Curiously enough, ranking is the only thing I’ve found gpt-3.5-turbo-16k to be reasonably good at. I use it to rank the responses to questions that are answered by gpt-4-turbo. This is my system message:
You are a language model designed to evaluate the responses of this documentation query system.
You will use a rating scale of 0 to 10, 0 being poorest response and 10 being the best.
Responses with “not specified” or “no specific mention” or “rephrase question” or “unclear” or no documents returned or empty response are considered poor responses.
Responses where the question appears to be answered are considered good.
Responses that contain detailed answers are considered the best.
Also, use your own judgement in analyzing if the question asked is actually answered in the response. Remember that a response that contains a request to “rephrase the question” is usually a non-response.
Please rate the question/response pair entered. Only respond with the rating. No explanation necessary.

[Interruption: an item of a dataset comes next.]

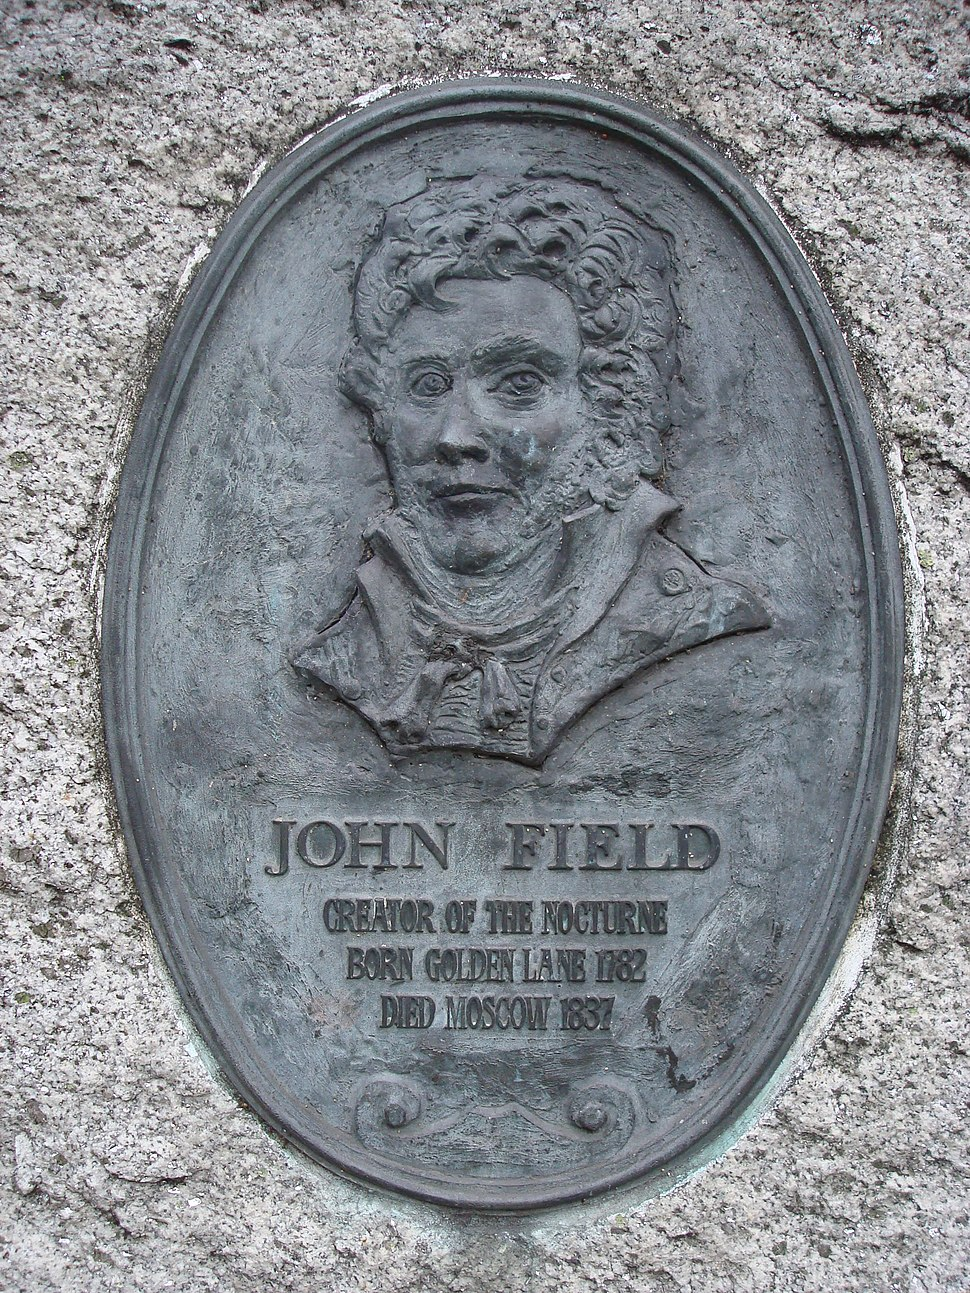 John Field Plaque, Golden Lane

Only integers.
It could surely be better, but it’s been working adequately for a while now so I haven’t gotten around to improving it.
My suggestion is to do what you have already done: Just test it out on examples and make adjustments as you see fit.
There was an article on arxiv that showed various reranker methods using LLM. If I remember correctly the best results were obtained by asking if the snippet is relevant or not and then using logprobs to judge the confidence in response and take only confident positives.